**Records for this task**
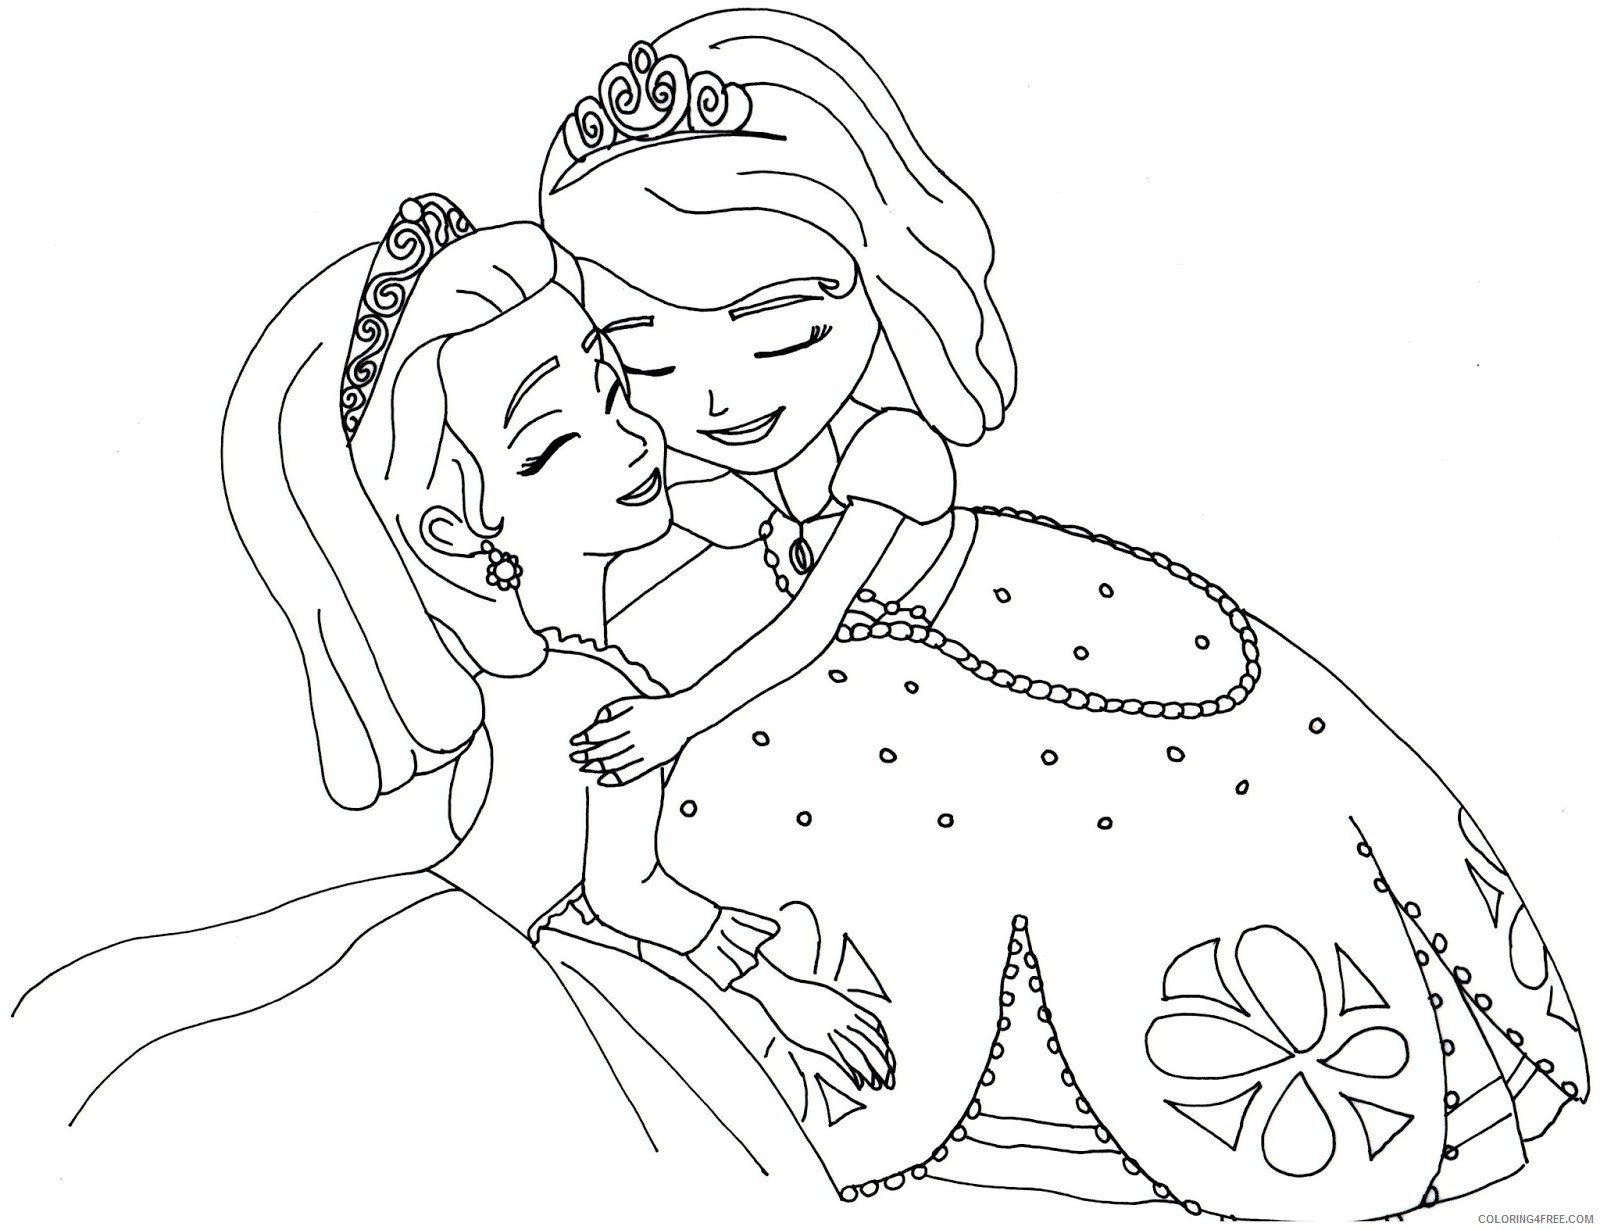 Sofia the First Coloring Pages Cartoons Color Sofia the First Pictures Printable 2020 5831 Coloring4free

...

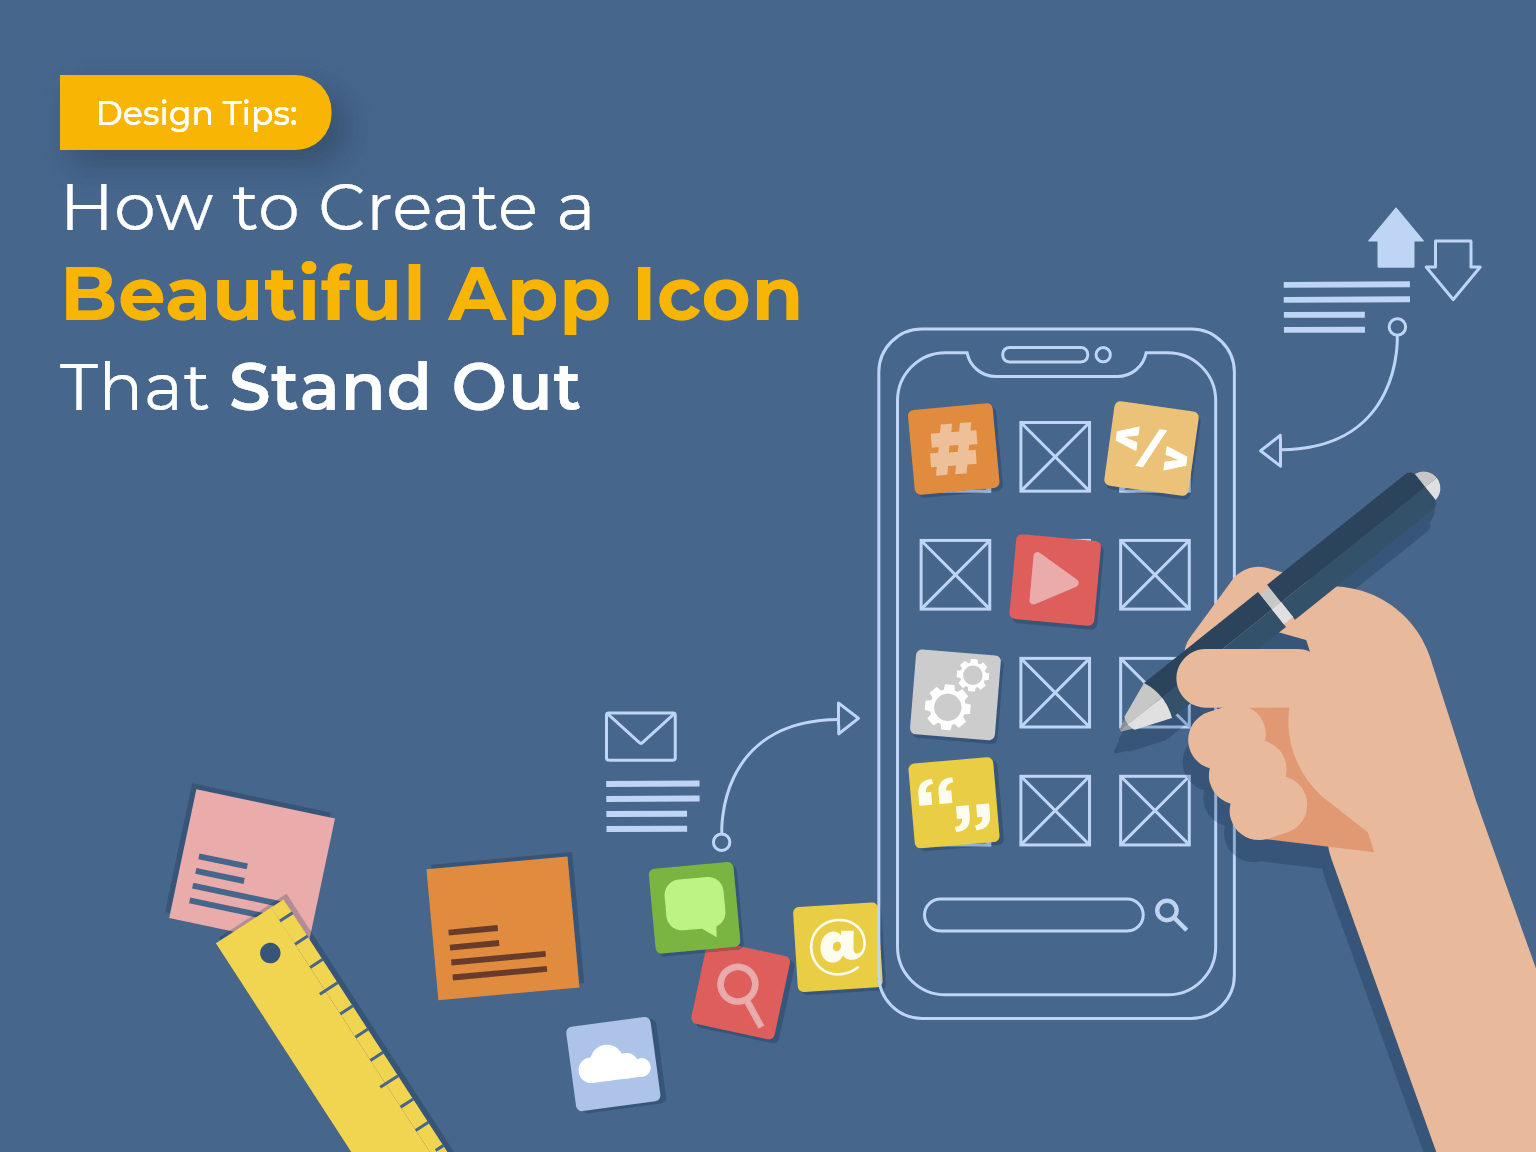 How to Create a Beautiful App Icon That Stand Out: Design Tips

==

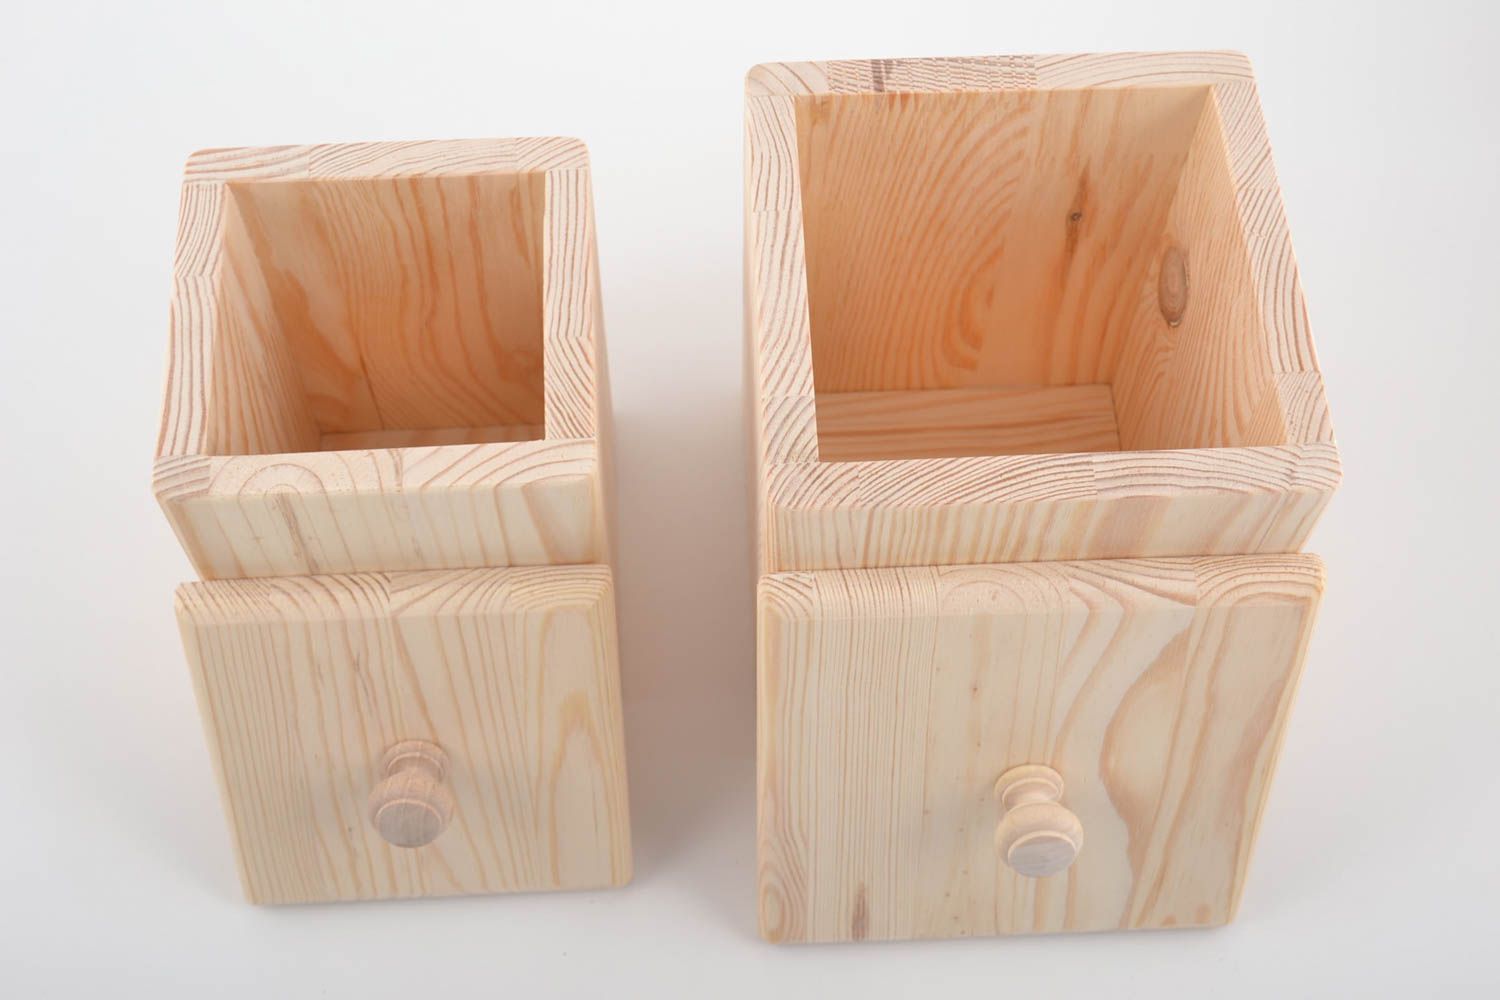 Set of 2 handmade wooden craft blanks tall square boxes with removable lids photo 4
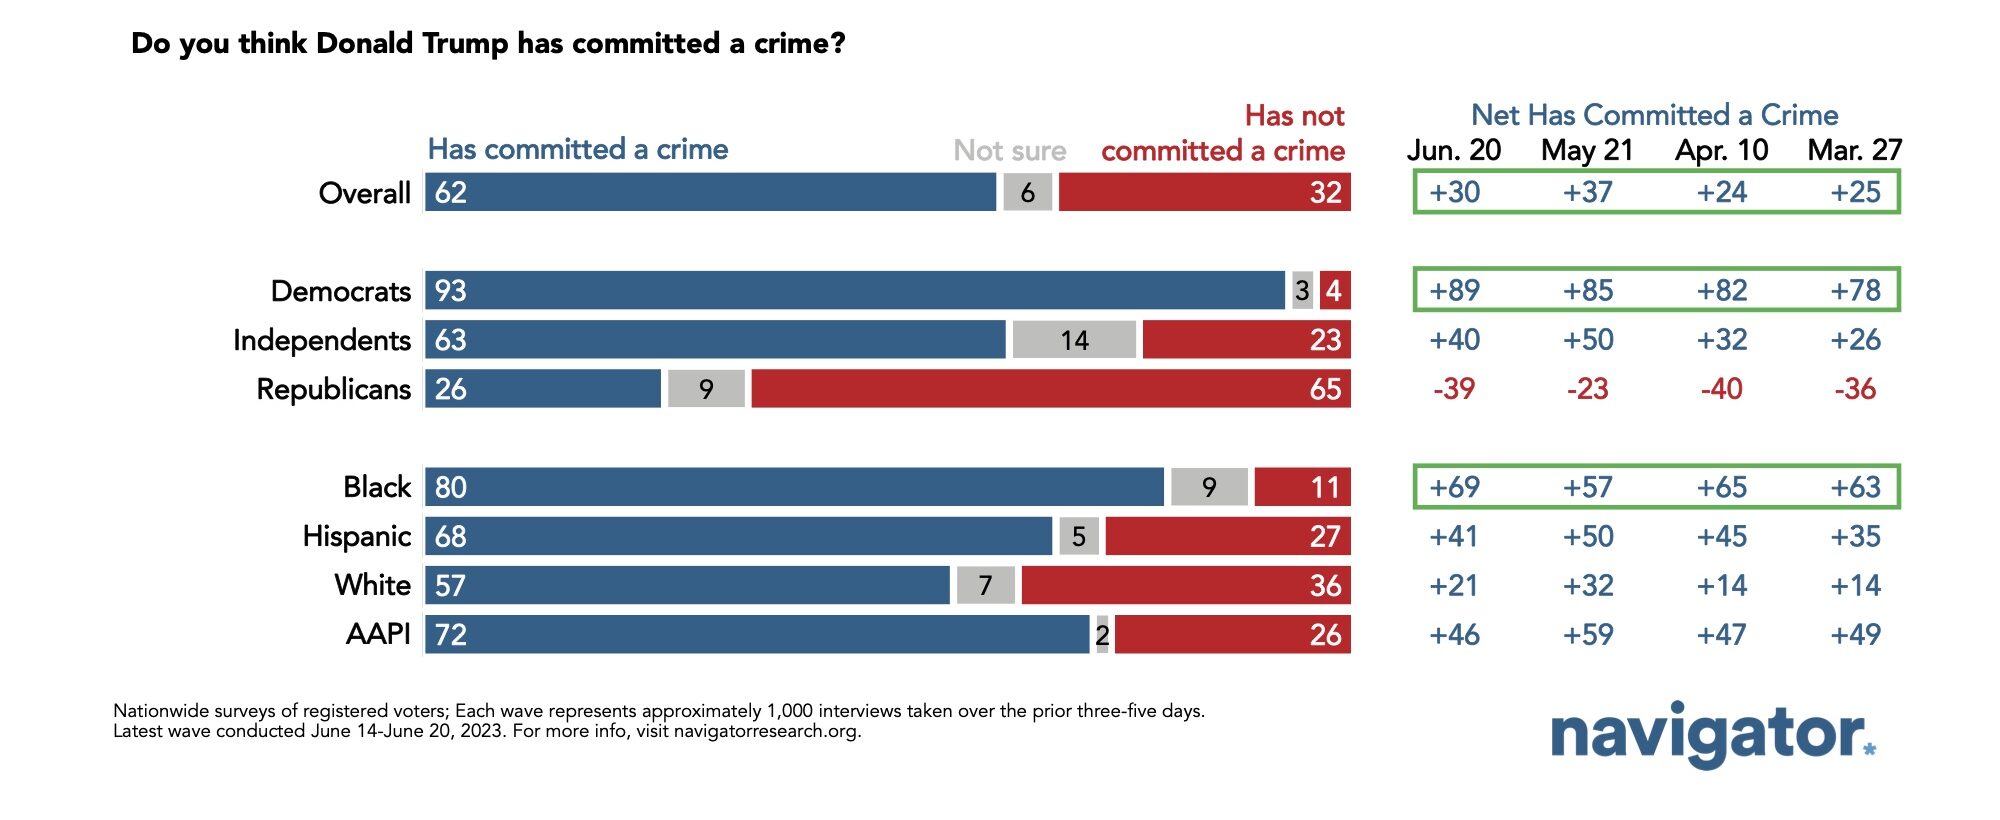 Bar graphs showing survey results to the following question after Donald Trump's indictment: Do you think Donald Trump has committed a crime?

**Work task**
Pictures do not belong in the answer. Return the lines above starting at the one with "Set of 2 handmade" and ending at the one with "Bar graphs showing", both kept, exactly.

**Response below**
 Set of 2 handmade wooden craft blanks tall square boxes with removable lids photo 4
 Bar graphs showing survey results to the following question after Donald Trump's indictment: Do you think Donald Trump has committed a crime?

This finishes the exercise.